**WHAT IS BEING ASKED**
Output each line of the listing exactly, though pictures are not to appear.

**SUPPLIED MATERIAL**
-*-*-

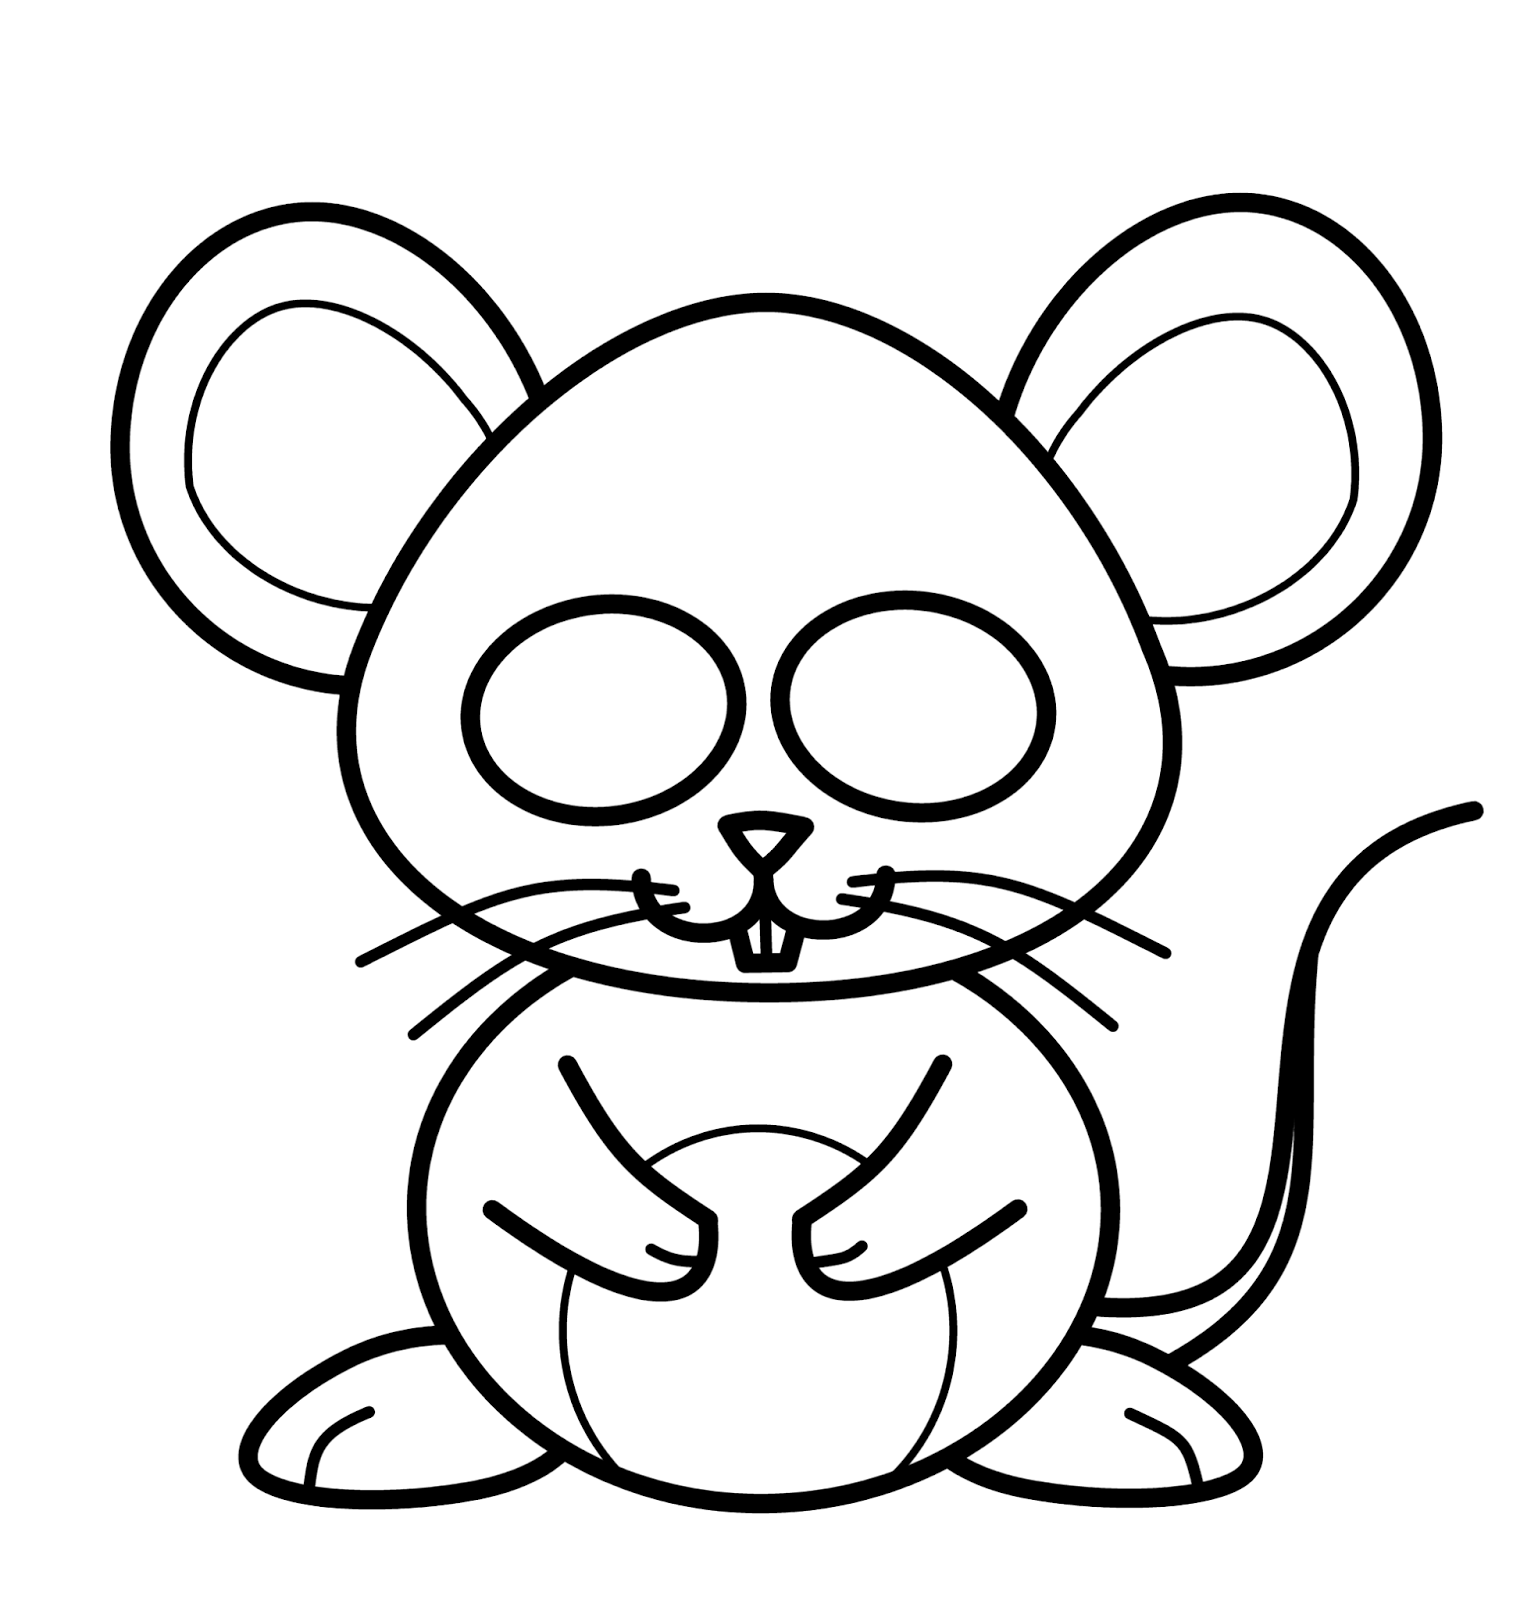 How To Draw A Cartoon Mouse - ClipArt Best
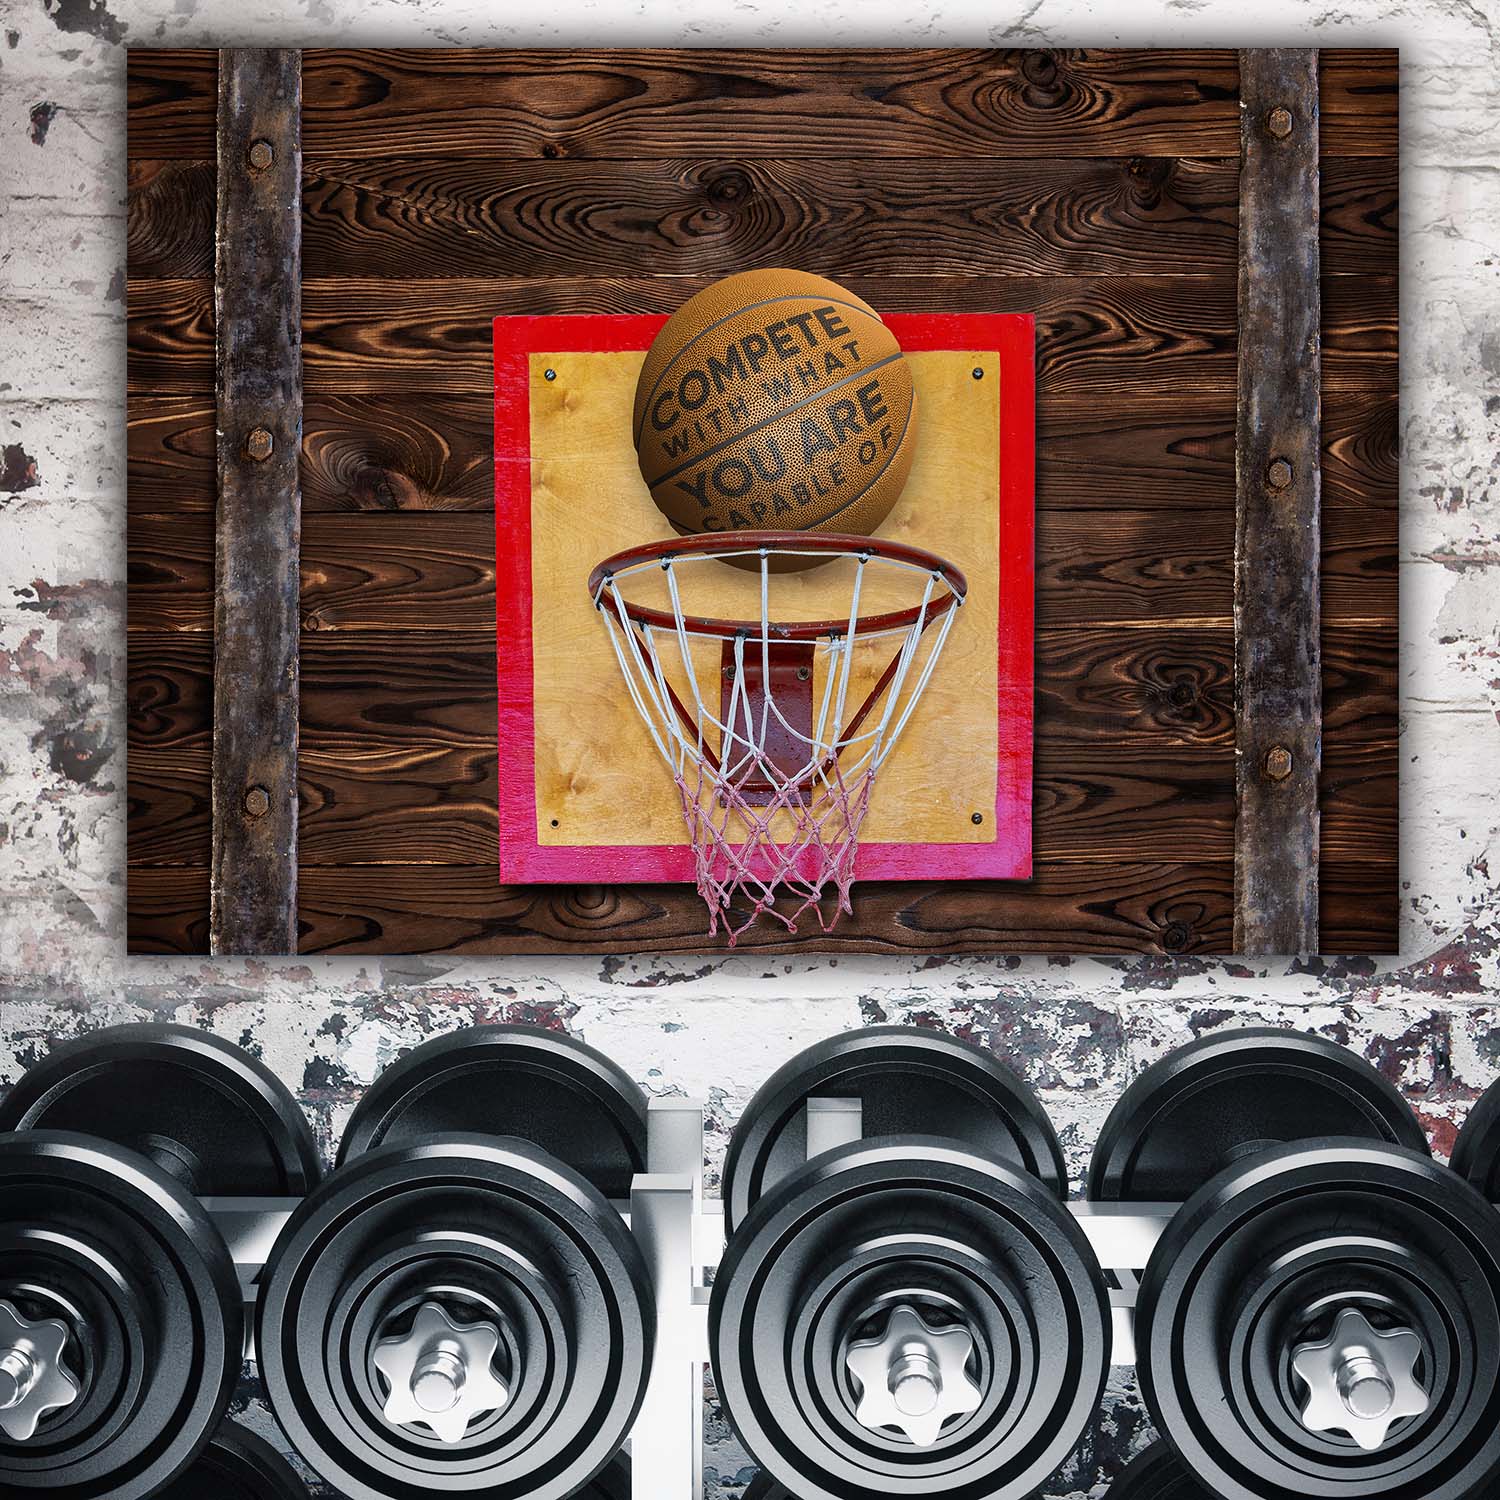 Compete with What You are Capable of - Michael Jordan Inspired Art Wall Art | Inspirational Wall Art Motivational Wall Art Quotes Office Art | ImpaktMaker Exclusive Canvas Art Landscape
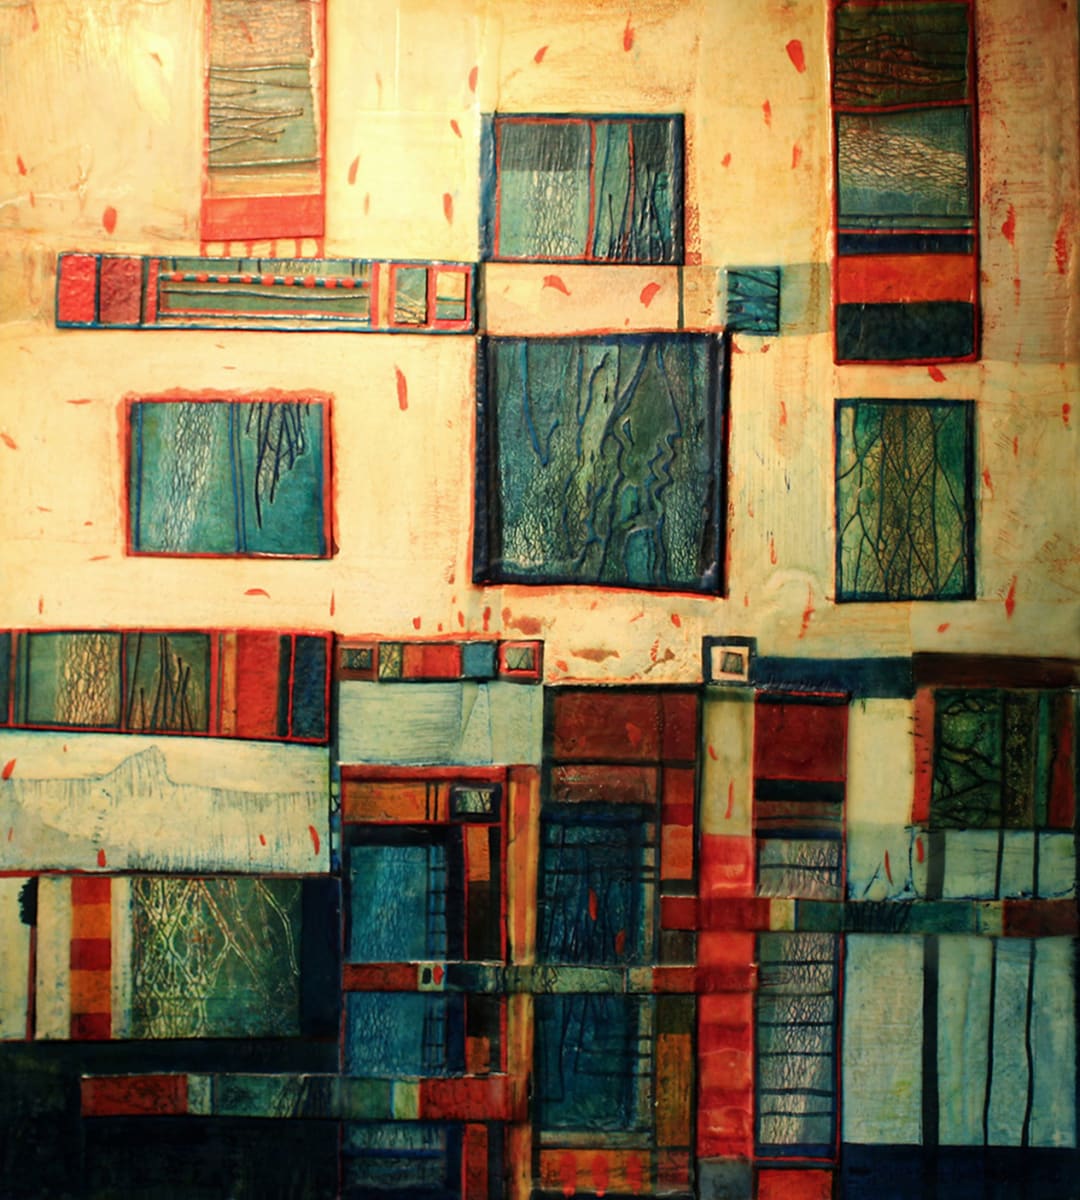 Space City by Brenda Hartill  Image: Encaustic painting

-*-*-

**ANSWER TO THE EXERCISE**
 How To Draw A Cartoon Mouse - ClipArt Best
 Compete with What You are Capable of - Michael Jordan Inspired Art Wall Art | Inspirational Wall Art Motivational Wall Art Quotes Office Art | ImpaktMaker Exclusive Canvas Art Landscape
 Space City by Brenda Hartill  Image: Encaustic painting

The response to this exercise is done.